Lembrava-se da viagem até a França, onde decidiu se estabelecer após concluir a faculdade. Gostava do clima, das pessoas e do idioma, mas, principalmente, amava estar com a dona dos olhos mais hipnotizantes que já encontrou: Ino Yamanaka. Recordava-se do perfume que ela usava naquele dia nublado quando, durante um passeio — após resolver toda a burocracia do intercâmbio —, esbarraram-se e confundiram a língua francesa com a japonesa, arrancando boas risadas pela coincidência.

Desde aquele encontro, Gaara nunca mais foi o mesmo, afinal, sempre a via passar pelo parque, onde fazia questão de admirar as flores. Era fascinante a visão dela sobre o mundo, a voz desafinada quando cantava e os passos ritmados nas festas. Não demorou muito para se apaixonar, muito menos para que pudessem se casar.

A vida coloriu-se assim que seu destino encontrou o dela.

Contudo, naquele fatídico dia, nada fluía com perfeição, incluindo sua folga para apreciar a melodia gostosa do piano. Tentou tocar qualquer música, apelando até mesmo para Mozart, mas Gaara não transmitia a mesma emoção — era dedilhar por hábito; frio. Frustrava-se com facilidade, ainda que a ira estivesse escondida nas feições tranquilas, e aquilo o aborrecia de diversas formas; não era comum um professor de música — principalmente ele —, abster-se de inspiração.

Afastou-se bruscamente do instrumento, torcendo para que a rotina voltasse à normalidade com aquela atitude, onde buscou calmaria ao examinar a beleza da paisagem, debruçando-se na janela. No entanto, era impossível aquietar-se e, no minuto seguinte, já dava voltas pela sala, ouvindo a madeira ranger sob os pés impacientes.

— Sabia que posso ouvir esse barulho todo no andar de cima? — A voz rouca de Ino soou enquanto descia as escadas, vestindo apenas a camiseta azul marinho dele. — Você é muito barulhento, deveria relaxar.

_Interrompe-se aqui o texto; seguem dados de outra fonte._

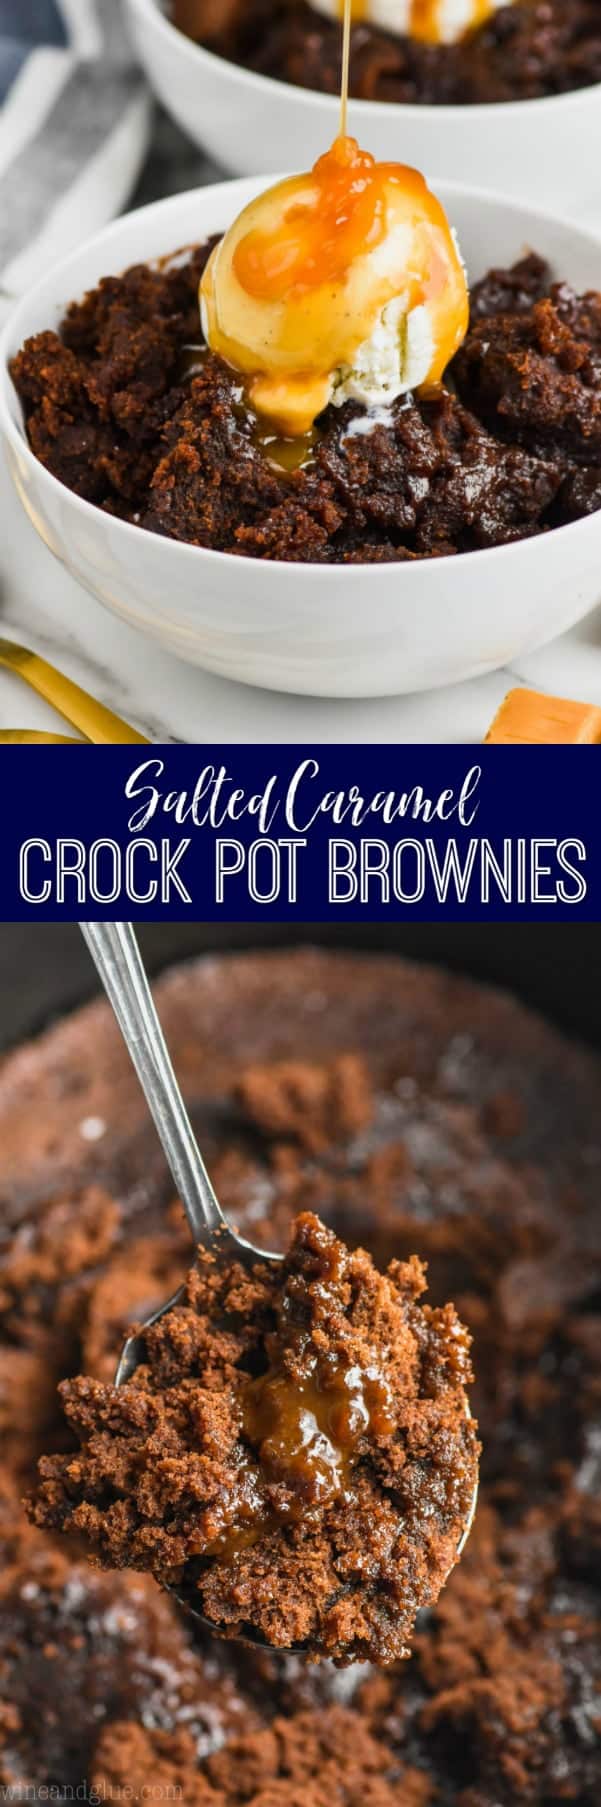 collage of photos of crock pot brownies

Ao se aproximar, as mãos femininas se entrelaçaram na nuca do marido a fim de acariciar os fios ruivos com delicadeza. Enquanto isso, Gaara deslizava a ponta dos dedos pela bochecha rubra, detendo-se em uma das mechas do longo cabelo dourado.

Ela era como um sedativo para a frustração de um artista e a calmaria em meio a tempestade do lado de fora da casa.

— Desculpe, te acordei do sono da beleza? — A risada dela era melodiosa e, em meio ao abraço que recebia, ele continuou a conversa, buscando conforto não só em seus braços, mas em seus conselhos: — Não consigo tocar, acho que minha inspiração acabou.

— E se cobrar por isso não adiantará em nada. Vou preparar um café, talvez isso te ajude ou me faça pensar em uma solução.

A sensualidade, nos mínimos movimentos, era um dos dons inatos dela, principalmente ao andar até a cozinha, despreocupada com a aparência. Gaara amava reparar nos pequenos detalhes da sua esposa, no entanto, culpava-se por ter ficado distante no último mês, atolado de papeladas para resolver.

Misturando a bebida com canela, Ino estendeu a pequena xícara para o marido, encontrando os olhos verdes brilhando.

— Podemos voltar para cama e fingir que não temos nenhum trabalho. — Apoiando-se com os cotovelos na bancada, ela observava o sorriso malicioso dele aumentar e escondia o próprio enquanto bebia o café. — E ficar até amanhã para comemorar o meu aniversário, o que acha?